Análise de mídia examina o papel do jornal na cobertura econômica.
O Valor Econômico ocupa, desde o início dos anos 2000, uma posição relevante no jornalismo especializado em economia e negócios no Brasil. Criado em 2000 a partir de uma parceria entre os grupos Globo e Folha, o periódico foi lançado em um momento de transformação do mercado de mídia econômica no país.
Naquele período, jornais tradicionais de economia enfrentavam dificuldades estruturais e mudanças no modelo de negócios. A criação do Valor Econômico ocorreu justamente nesse cenário de reorganização da imprensa financeira brasileira.
Ao longo das duas últimas décadas, o jornal passou a concentrar sua cobertura em temas como mercado financeiro, política econômica, empresas e investimentos. A publicação também desenvolveu cadernos especializados e anuários voltados à análise do desempenho de empresas e setores produtivos.
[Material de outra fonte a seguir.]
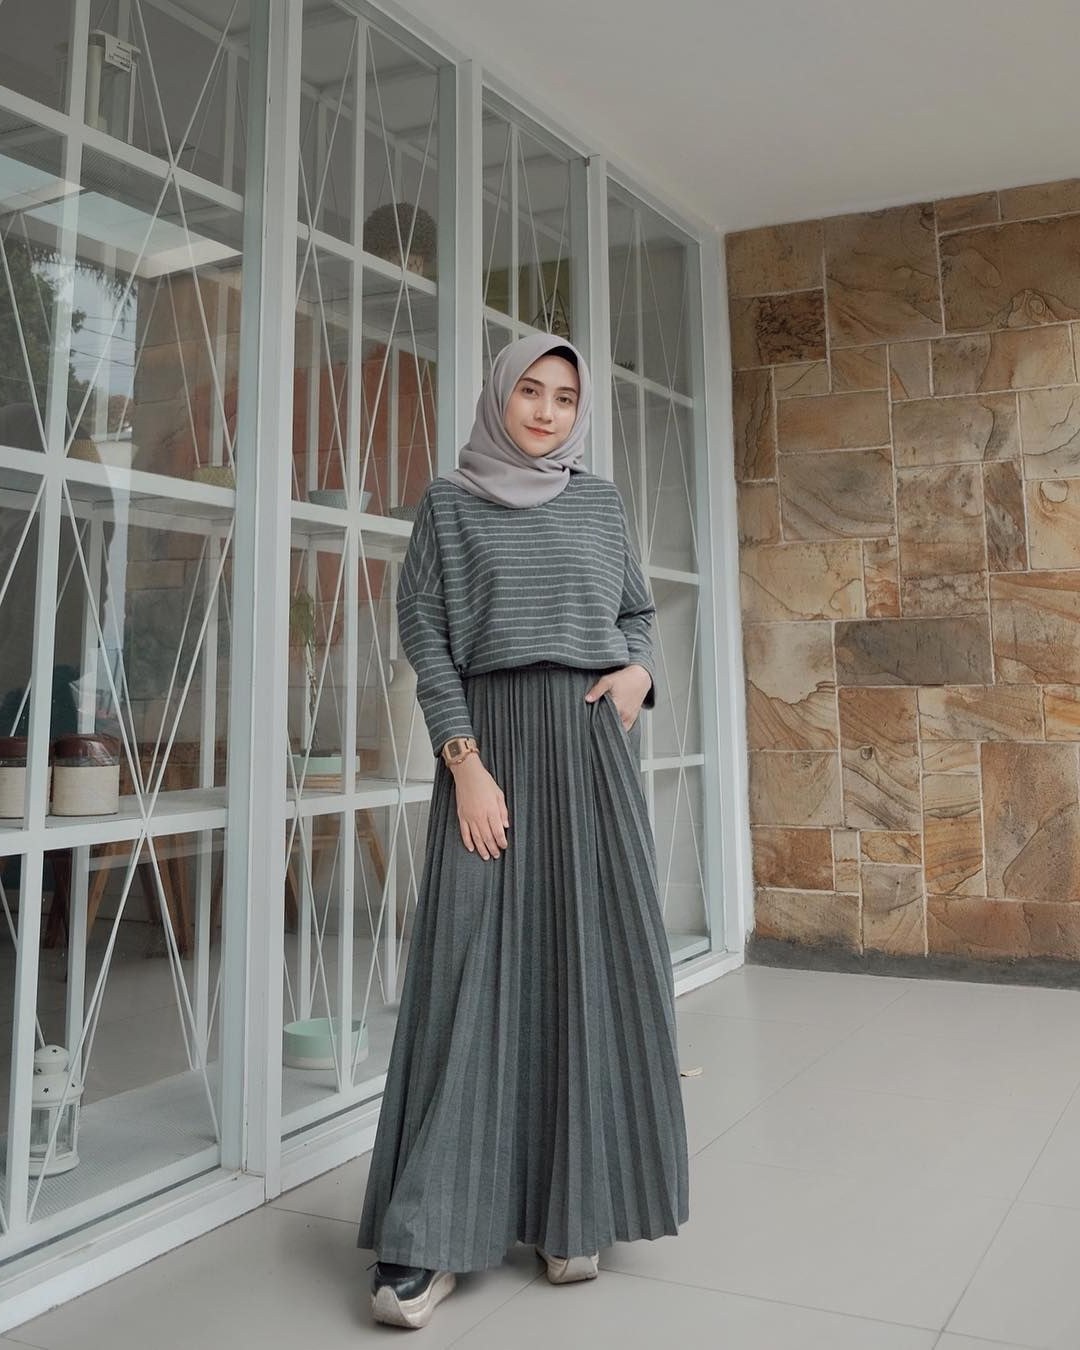 Model Model Baju Lebaran 2019 Wanita Wddj Baju Muslim Lebaran Terbaru 2019 Dengan Gambar

Segundo análise editorial da revista digital Sonho & Negócios, o jornal consolidou-se como um dos principais veículos de cobertura econômica no Brasil, acompanhando a crescente demanda por informações sobre mercado, negócios e política econômica.
Esse tipo de jornalismo especializado ganhou importância especialmente após a ampliação do mercado de capitais brasileiro e o aumento do interesse público por temas financeiros.
A trajetória do Valor Econômico reflete também uma tendência internacional: o fortalecimento de veículos dedicados exclusivamente à análise econômica, como o Financial Times no Reino Unido e o The Wall Street Journal nos Estados Unidos.
Com o avanço das plataformas digitais e a transformação do consumo de notícias, jornais especializados em economia passaram a investir em assinaturas digitais, produtos de dados e cobertura analítica de empresas e mercados.
No Brasil, esse movimento contribuiu para consolidar o Valor Econômico como uma das referências do jornalismo econômico contemporâneo.